In his fourth point, Graham pointed at Russia’s awareness that it would not be able to be an equal partner to a united Europe. This explains its effort towards eroding the potential for integration in the region: Russia is able to compare itself to individual European countries, but not with a compact union.
Among all the continuities highlighted, Graham’s fifth point stressed “one huge discontinuity”: Russia is no longer the dynamic core of Eurasia. “The greater truth is that for the first time in the modern period, Russia beyond its geopolitical space is surrounded by states and regions all of which are more dynamic than Russia is,” he said. From China to the Islamist movement, new actors have appeared on the scene. According to Graham, under the current stagnating economic conditions, Russia is unlikely to regain its energy.
Subsequently, he moved on to discuss how today’s Russia represents a “manageable challenge” for the U.S. as a declining revisionist power. Graham suggested that to deal with this challenge Europe and the U.S. should first fix their domestic socio-economic and political problems first, in order to regain self-confidence and respect abroad.
Graham did not entirely dismiss the need for a military approach, but called for a more efficient allocation of spending and coordination with Europe. “I think it would be a big mistake to think that we need to spend a tremendous amount of money on military and defense purposes,” he said. Competent states and successful economies, history teaches, prove much more effective in stopping an aggressive Russia. In this respect, Ukraine is a top priority. The country will need to tame corruption, build an effective state, forge national consensus and repair its economy – something that, in Graham’s opinion, cannot be achieved while there is civil war in the country. He believes that the U.S. and Europe should be concentrating their efforts in building a durable ceasefire.

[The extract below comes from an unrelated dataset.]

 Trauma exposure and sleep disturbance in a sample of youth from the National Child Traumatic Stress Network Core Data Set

Graham also supported the need to levy sanctions, but in a moderate and careful fashion. Weakening Russia’s economy could go against U.S.’s long-term strategic interests, potentially fuelling anti-liberal and anti-democratic turns. Moreover, China, a strategic competitor of the U.S., could take advantage of the weakening of Russia. Most importantly, the sanctions have not proved successful in changing Russia’s behavior in Ukraine.

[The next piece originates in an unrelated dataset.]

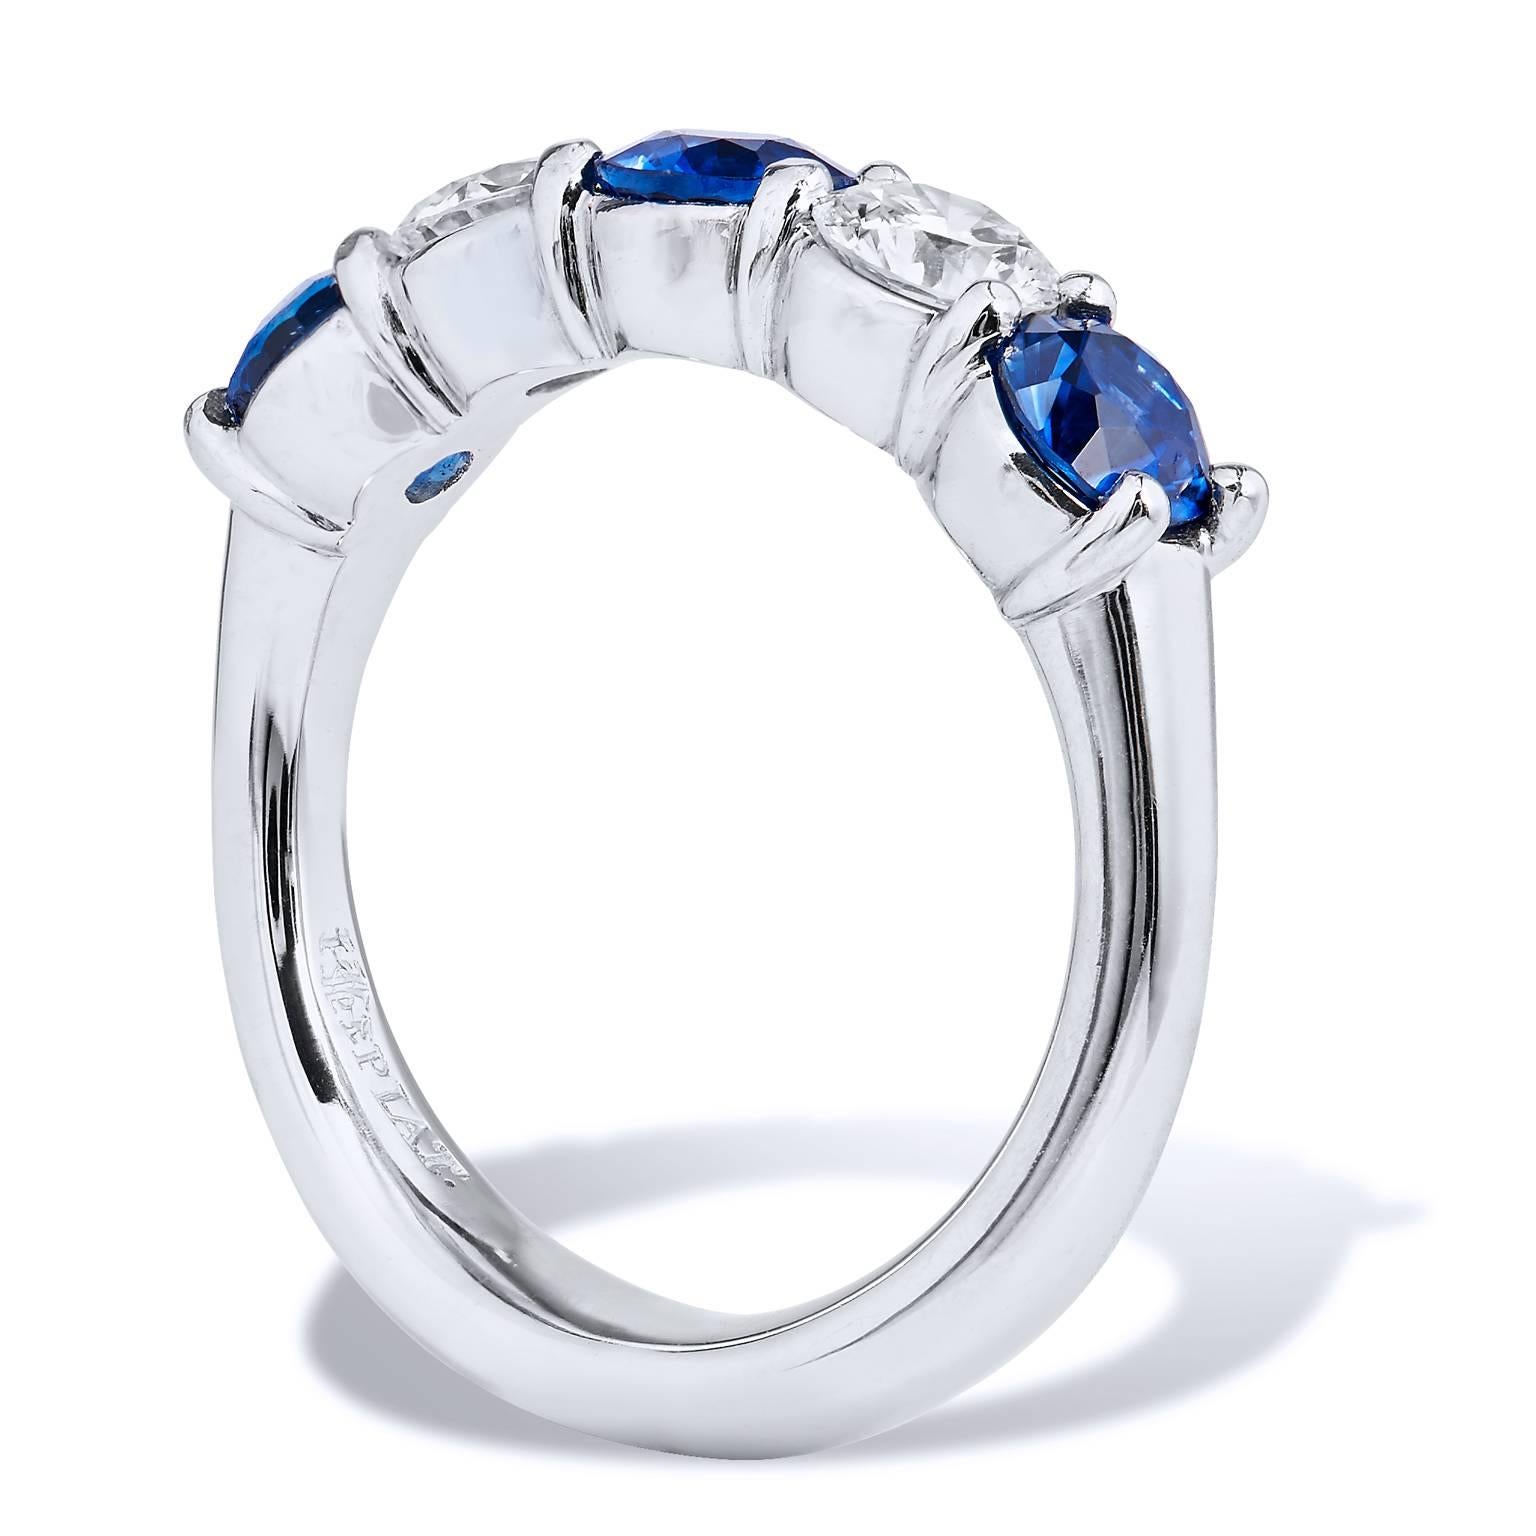 This platinum wedding band ring features three blue sapphires with a total weight of 1.48 carats. Interlaced between two Round Brilliant Cut diamonds (E/F/VS) in a shared prong style, with a total weight of 0.70 carat, this band ring stirs and

Graham stated that, if the U.S. wishes to achieve the goal of building a successful state of Ukraine, it will have to accommodate Russia, despite skepticism in Washington. “It’s simply too important of a power for it to be otherwise,” he said. Graham went back to history to show that this approach can prove successful, as it was in the context of the European great power diplomacy in the relatively peaceful 18th and 19th century. “It’s this type of diplomacy that we need to pursue in the next several years,” he concluded.
In the final part of the lecture, Graham answered questions from the audience on a variety of issues, touching upon the power of elites in the post-Soviet space, the militarization of the Baltics and Russia’s place in the BRICS. He also discussed the moral issues behind waging criticism against Russian exceptionalism vis-à-vis notions of American exceptionalism.